■ Data shown:
>>
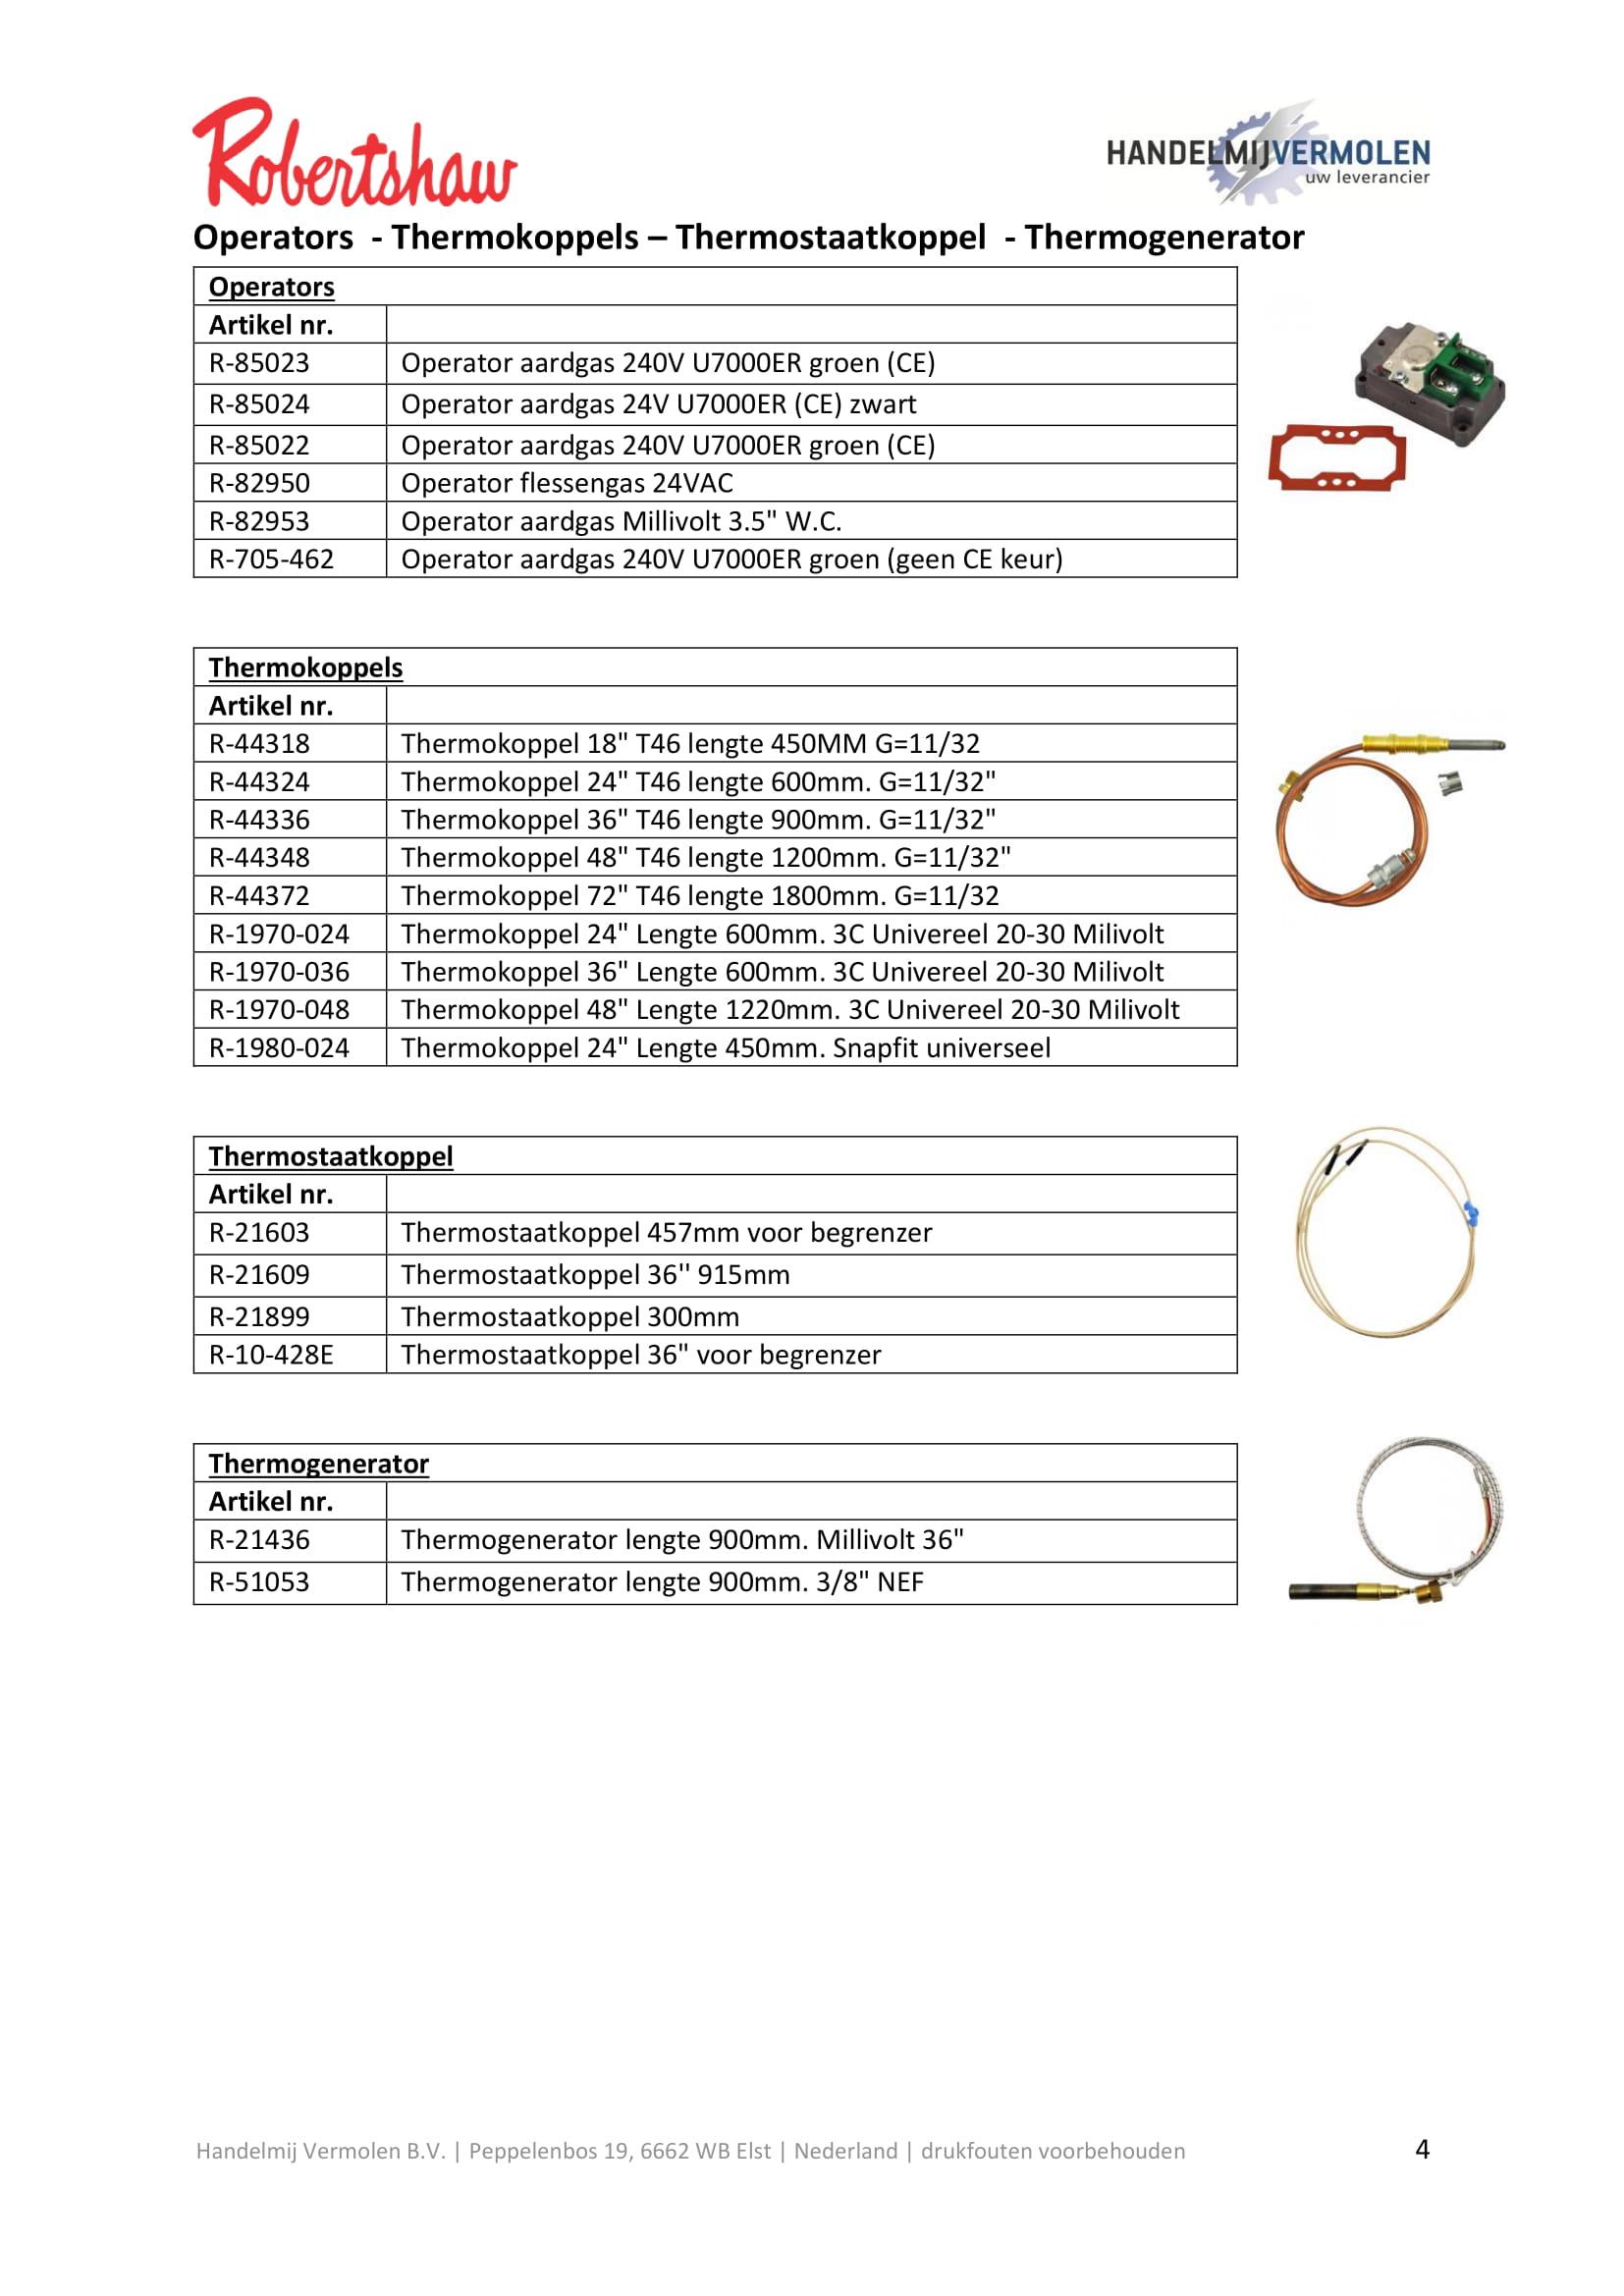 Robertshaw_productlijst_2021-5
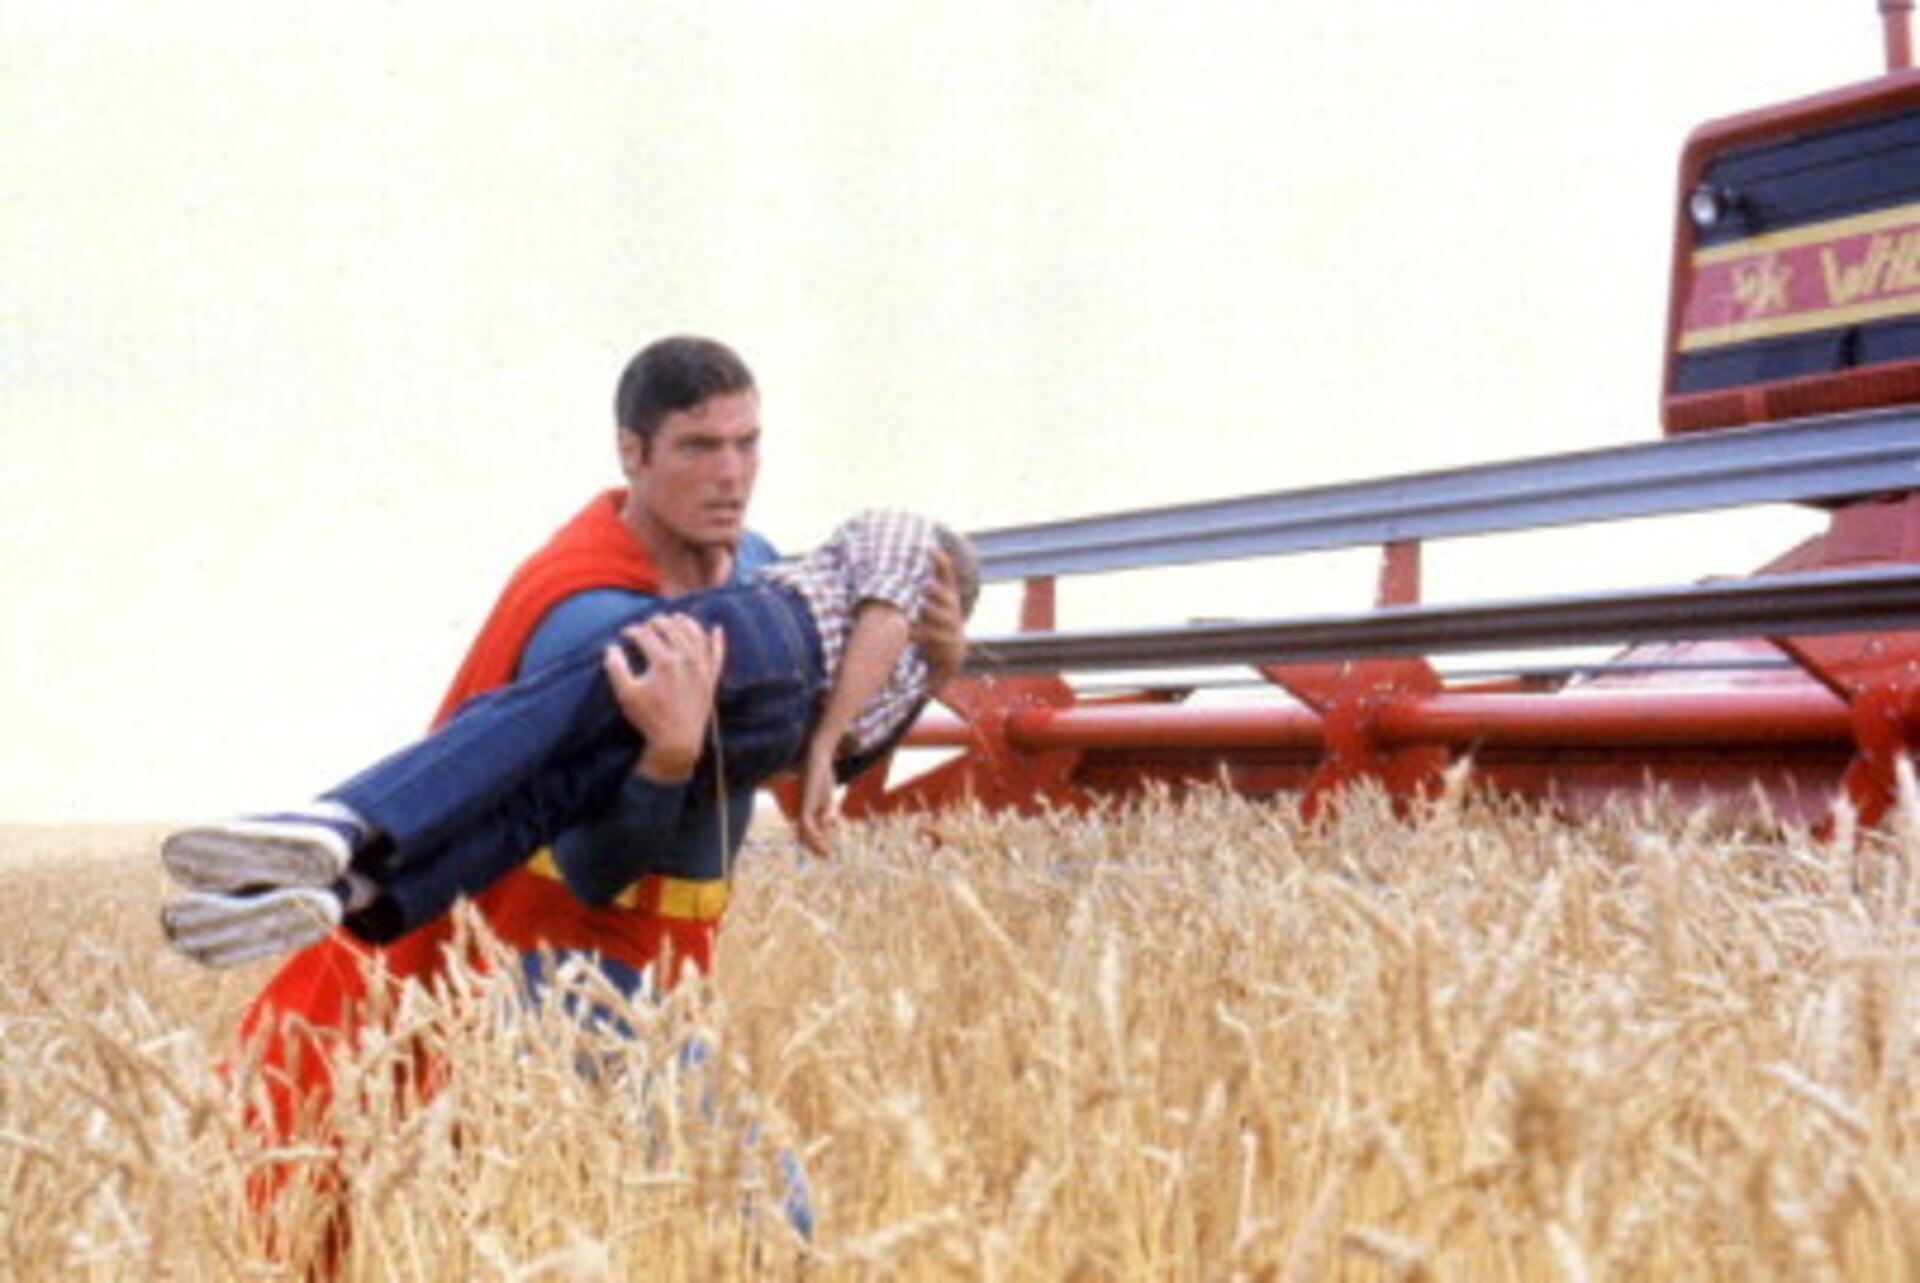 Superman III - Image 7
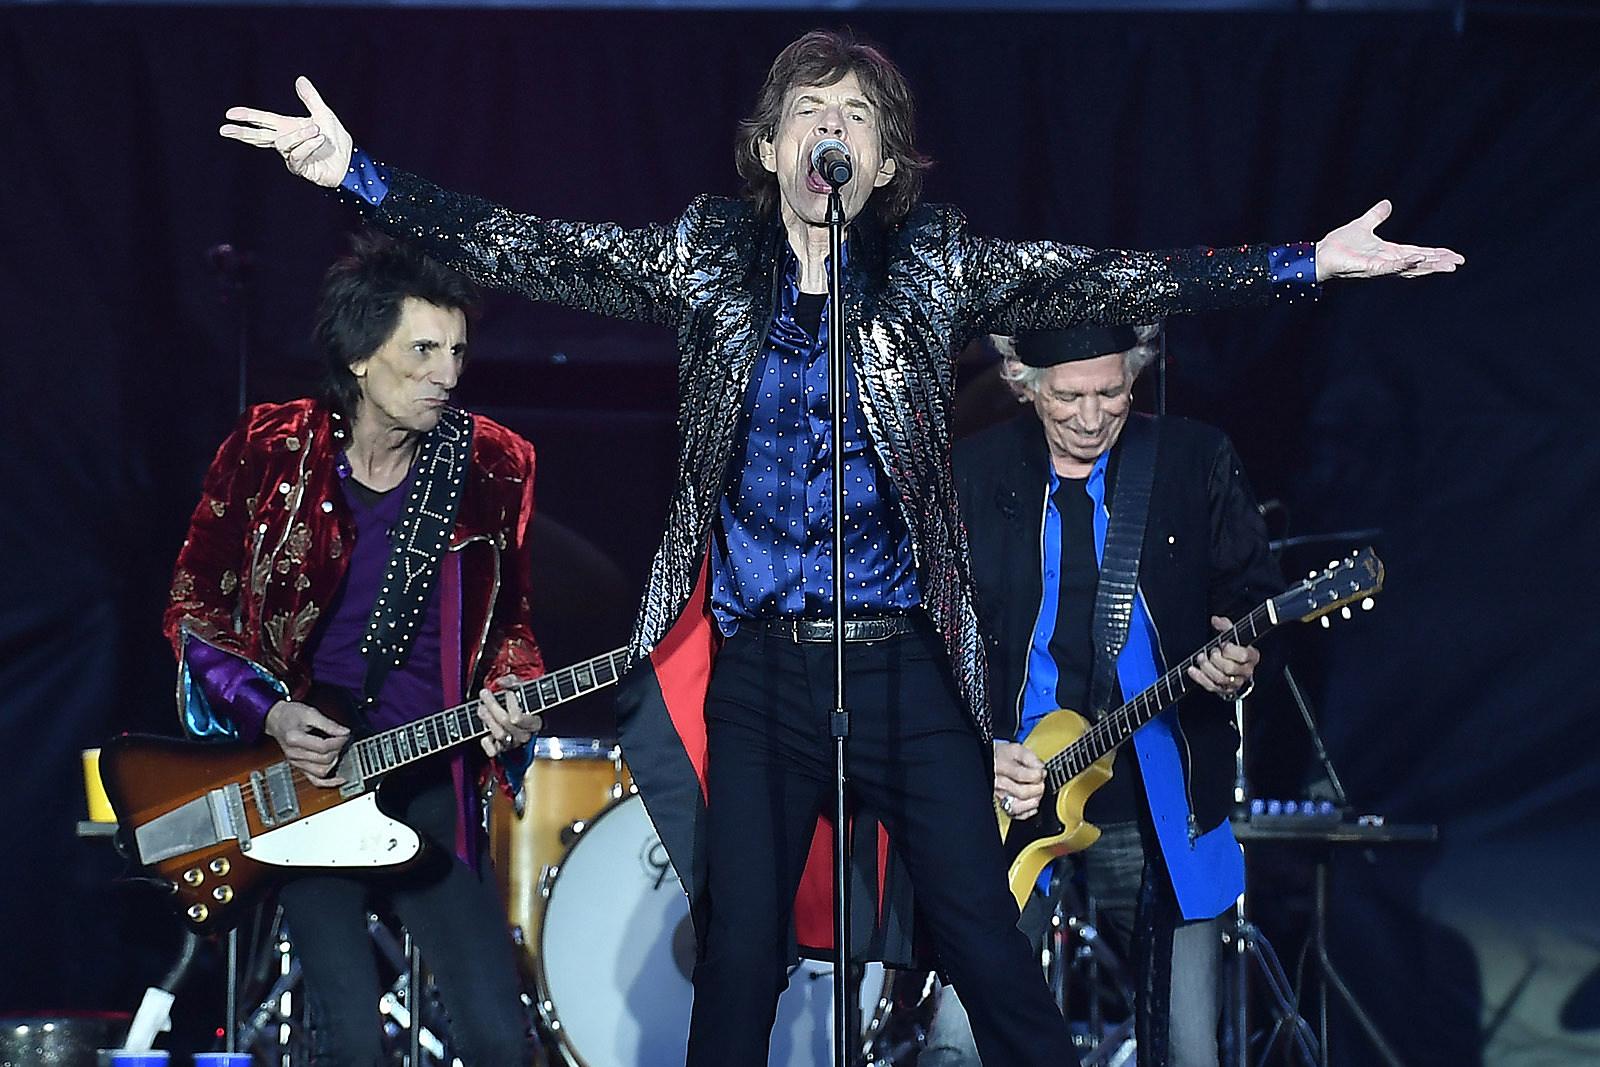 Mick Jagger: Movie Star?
<<
Reproduce the material in its entirety and word for word, without the pictures.

■ Solved problem:
 Robertshaw_productlijst_2021-5
 Superman III - Image 7
 Mick Jagger: Movie Star?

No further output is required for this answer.